Monday, August 06, 2007

An "interesting" response from one of the Councillors in Truro....

I find it interesting that, without knowing a thing about my "race" "Raymond" chose to suggest that I had a problem with "race" in my suggestion that, as a man of colour, he would find it offensive had the Mayor make the decision to deny, say, the right of the Black community to fly a flag which represented their pride over their achievements.

This is the response he chose to send me:
I am not a man of colour I am a proud Black man and I would not have any difficulty saying no to any group wanting to fly a flag where only the Official flag of Truro is flown, however I will support anyone's right to put up a banner over our streets. Just the fact that you brought "RACE" into this shows that you have problems. I don't support the Mayor's view's, but this is my reason for not supporting the flying of the flag.

Raymond [Tynes]
As I pointed out in my reply, I come from a mixed race family and when I married, my husband and I formed a mixed race family.

I did say in my initial email that the decision not to fly the flag based on a reasoned debate was not the issue. What IS the issue is that the Mayor has openly said that his decision was based on "personal opinion" as a Christian. As a City Official, he does not have the right to make bigoted statements. I also took issue with the fact that the Councillors have not distanced themselves from his statements.

The fact that "Raymond" seems to suggest I have personal issues with race, rather than, quite rationally, making the association between the bigotry of several decades ago, directed at people of colour (whether Black, Asian, or Aboriginal) and the sort of bigoted comments made by the Mayor.

I am sorry that "Raymond" sees this as somehow slighting him as a "proud Black man" instead of seeing that bigotry against a race is exactly the same as bigotry against homosexuals.

Follows, my response to his email:
Sir,

As a person from an inter-racial family, I do not have "problems" with race.
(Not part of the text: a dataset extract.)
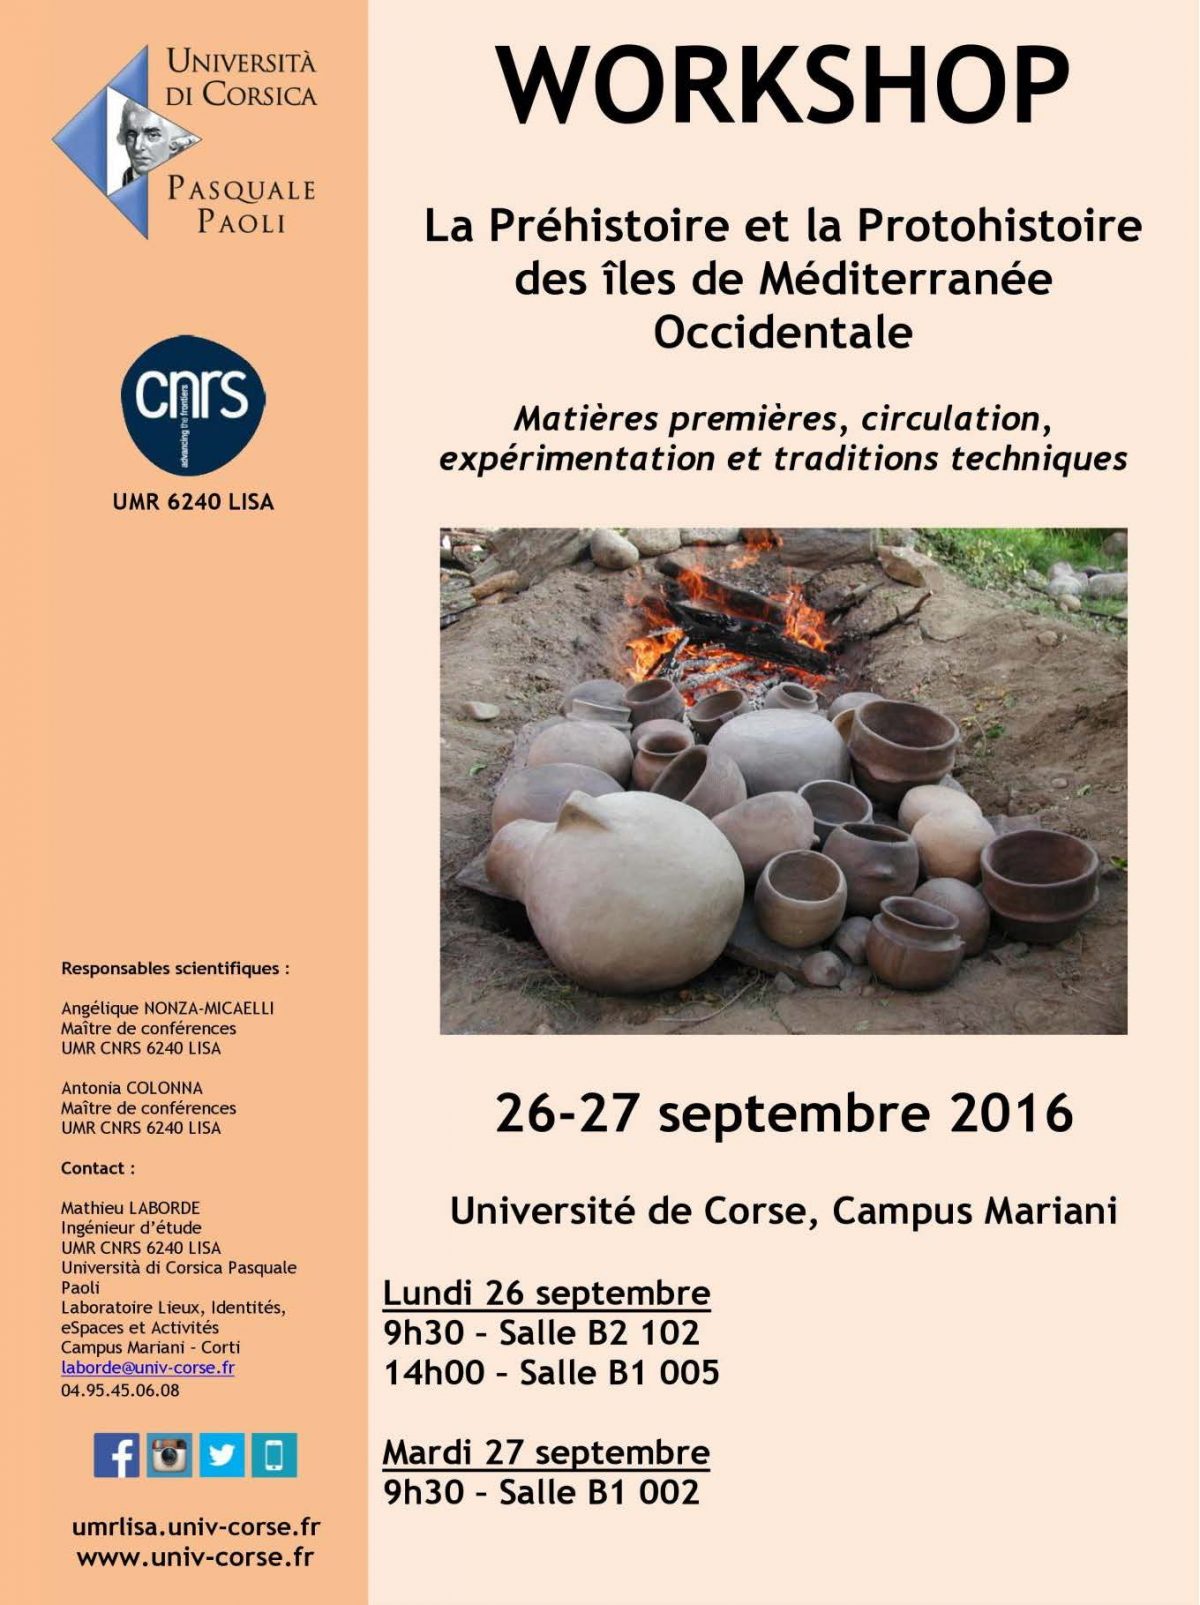 Workshop « La préhistoire et la protohistoire des îles de méditerranée occidentale »

I do, however, have a problem with the support of the Mayor who brings personal opinion into his decision regarding people that the Canadian people as whole and the Government recognizes as having a legitimate right not to be "lumped together" with pedophiles.
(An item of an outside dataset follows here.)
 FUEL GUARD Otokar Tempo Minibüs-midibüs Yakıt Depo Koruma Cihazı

As a person who comes from parents whose marriage, a mere few decades earlier, would have been deemed criminal, being of mixed race, not to mention my own to an First Nations man, I well understand how the State, in this case the city of Truro, can infringe upon the legal right of free expression because of "personal opinion" by bigots such as your mayor. That a few decades earlier, excuses for not permitting women or people of colour (whether Black, Asian, or Native) the right to public or community recognition of their achievements pretty much mirror those used to deny Gays and Lesbians the right to do the same thing.

Your Mayor is free to have his own personal opinions. It is just a shame that there seems to be an unwillingness to denounce his expressions of personal bigotry as a City official.